Their friendship was on full display last February during the annual Ivy Football Association dinner in New York. ESPN veteran broadcaster Chris Berman, a student broadcaster at Brown when Coleman played, was the host and talked about the upcoming first-time Super Bowl matchup of two African-American quarterbacks, the Chiefs' Patrick Mahomes and the Eagles' Jalen Hurts.
 
"Then Chris got up and announced, 'Look, we had another moment 50 years ago, the first time it's ever happened in history, and the two men are here today,'" Coleman recalled. "Martin and I met in the middle of the auditorium, a thousand people, and we hugged and we cried. It was a three-minute standing ovation. It was special. Martin and I have a forever lifetime relationship as a result of that."
 
Vaughn would end his collegiate career in 1974 among Penn's career leaders in total offense (3,633 yards), passing yards (3,429 yards) and touchdown passes (29). Coleman was a dual-threat quarterback who showed his versatility as a wide receiver and as a return man. He started six games at quarterback in 1973, accounting for 442 yards of total offense and split time under center the following year. He led Brown to its first consecutive winning seasons since the 1940s.
 
 
Today, Coleman, who graduated from Georgetown Law School, is senior counsel at Ropes & Gray, a law firm based in Boston, where he leads its nationwide sports, media and entertainment practice and represents a variety of sports industry clients. He resides in East Greenwich, R.I. Vaughn, a Wharton School graduate who lives in Wynnewood, Pa., started out on Wall Street and worked in investment banking for 30 years. He currently works as a steel broker doing business development consulting.
 
Coleman has two sons and five grandsons. His daughter passed away in 2013. Vaughn has four children–two sons and two daughters–and two grandsons. His daughter, Mikayla, played college basketball at Notre Dame and now plays professionally in Poland.
 
Coleman and Vaughn at IFA Dinner
             Dennis Coleman (left) and Martin Vaughn (right) at
         February's Ivy Football Association Dinner in New York City.

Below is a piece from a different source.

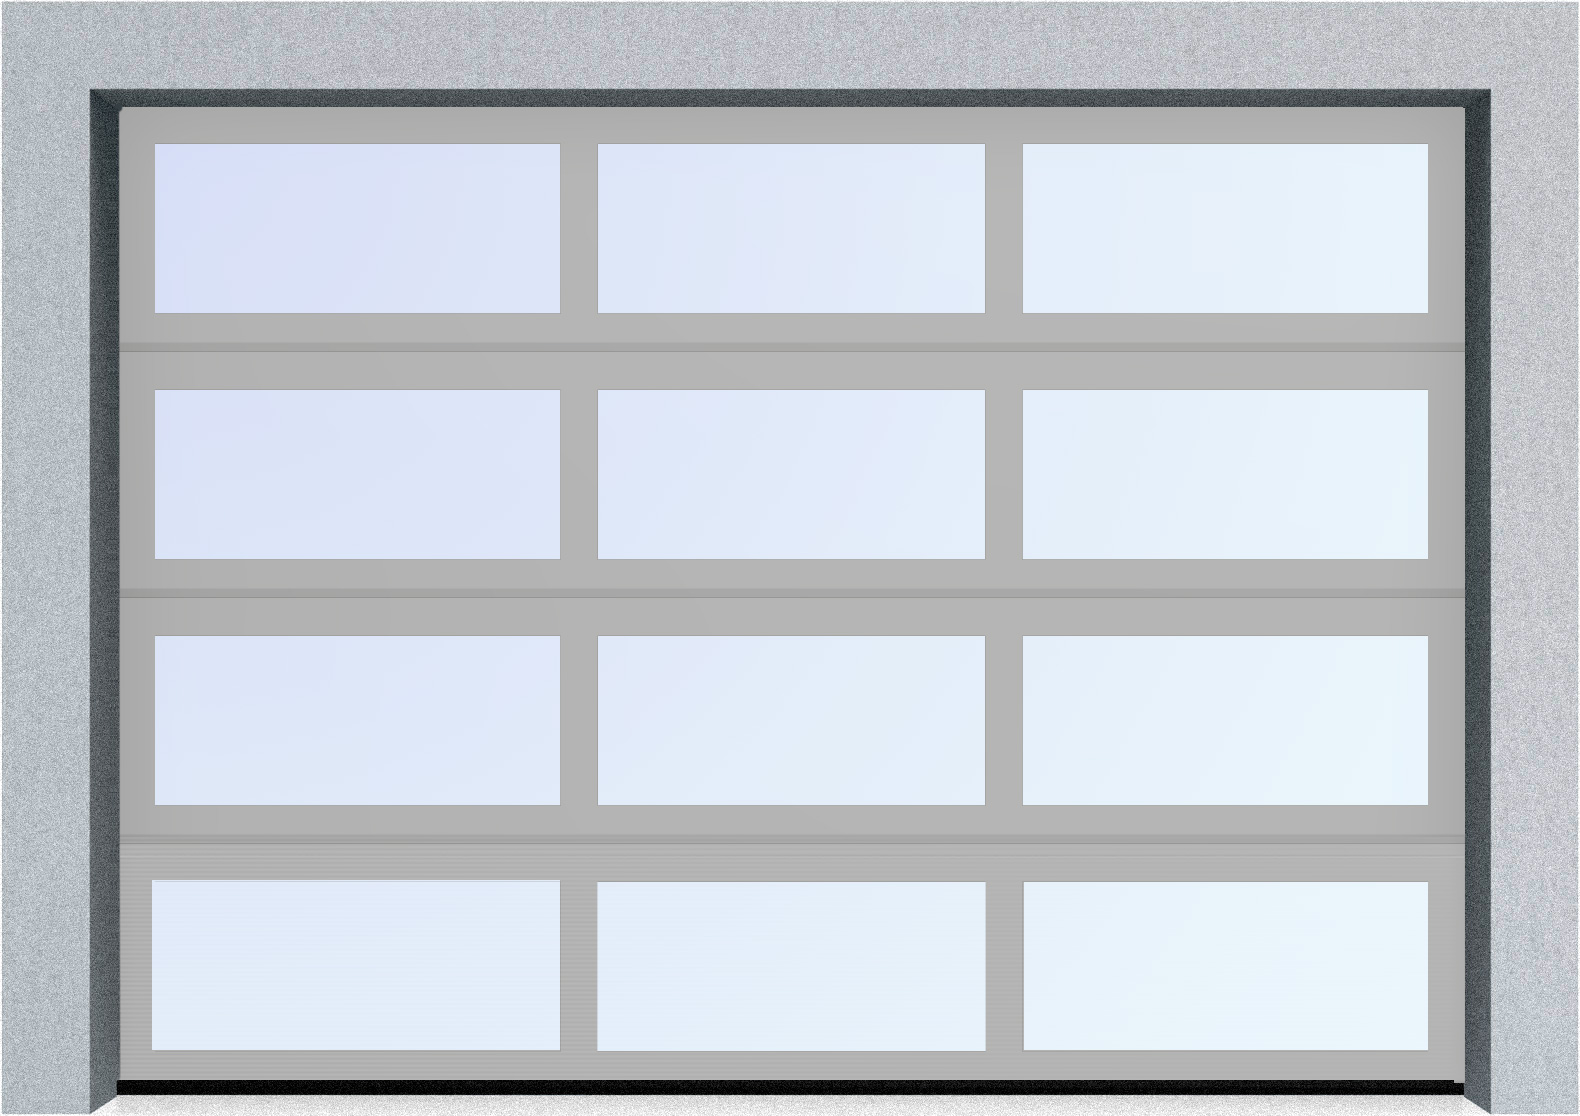  Секционные панорамные ворота серии AluTrend (АЛП) 2375х2500 нижняя панель стандартные цвета, фото 9

Both men continue to mentor the younger generations. Coleman said that as an attorney he feels he has an obligation to "young men of color and big law." Vaughn said that "my gifts are not my own, so whatever I can give to better someone else, I'm grateful to be able to share it."
 
The two men have strong connections with their teammates in the Class of 1975. Don Clune, a wide receiver who was a year ahead of Vaughn at Penn, said when he meets up with Vaughn and fellow Quakers at get-togethers, "Some of the guys remember every play of every game they ever played in. I wish I could remember all that stuff. Back then, we were just football players playing.
 
"The game was a landmark occasion and I'm proud to have him as my quarterback that played," Clune said. "We worked well together. He was a great quarterback and he's a great guy."
 
As he reflects back on the last 50 years, Coleman likes the fact that the memories of that game, and the history and significance of what transpired, have remained alive.
 
"What started to happen was that every year for the past 20-something years at least, every February, Black History Month, there's an article written somewhere about that game," Coleman said. "It is written in books and everywhere. So Martin and I will get these calls. We generally talk sometime during the summer or I run into him somewhere down in Philly because I still go back to see my people.
 
"We will forever be joined at the hip because of that. We know now and we appreciate now that it was a very, very special time. That is something, at least in the Ivy League, that will never be done first again. We're proud of the Ivy League. You can have the SEC and the Big Ten but we still call ourselves pure football.
 
"Back then, when our country was just coming out of unrest, we were working our way out of Vietnam, trying to deal with Watts and the social unrest, civil unrest, fighting for voter rights and stuff, we did something special."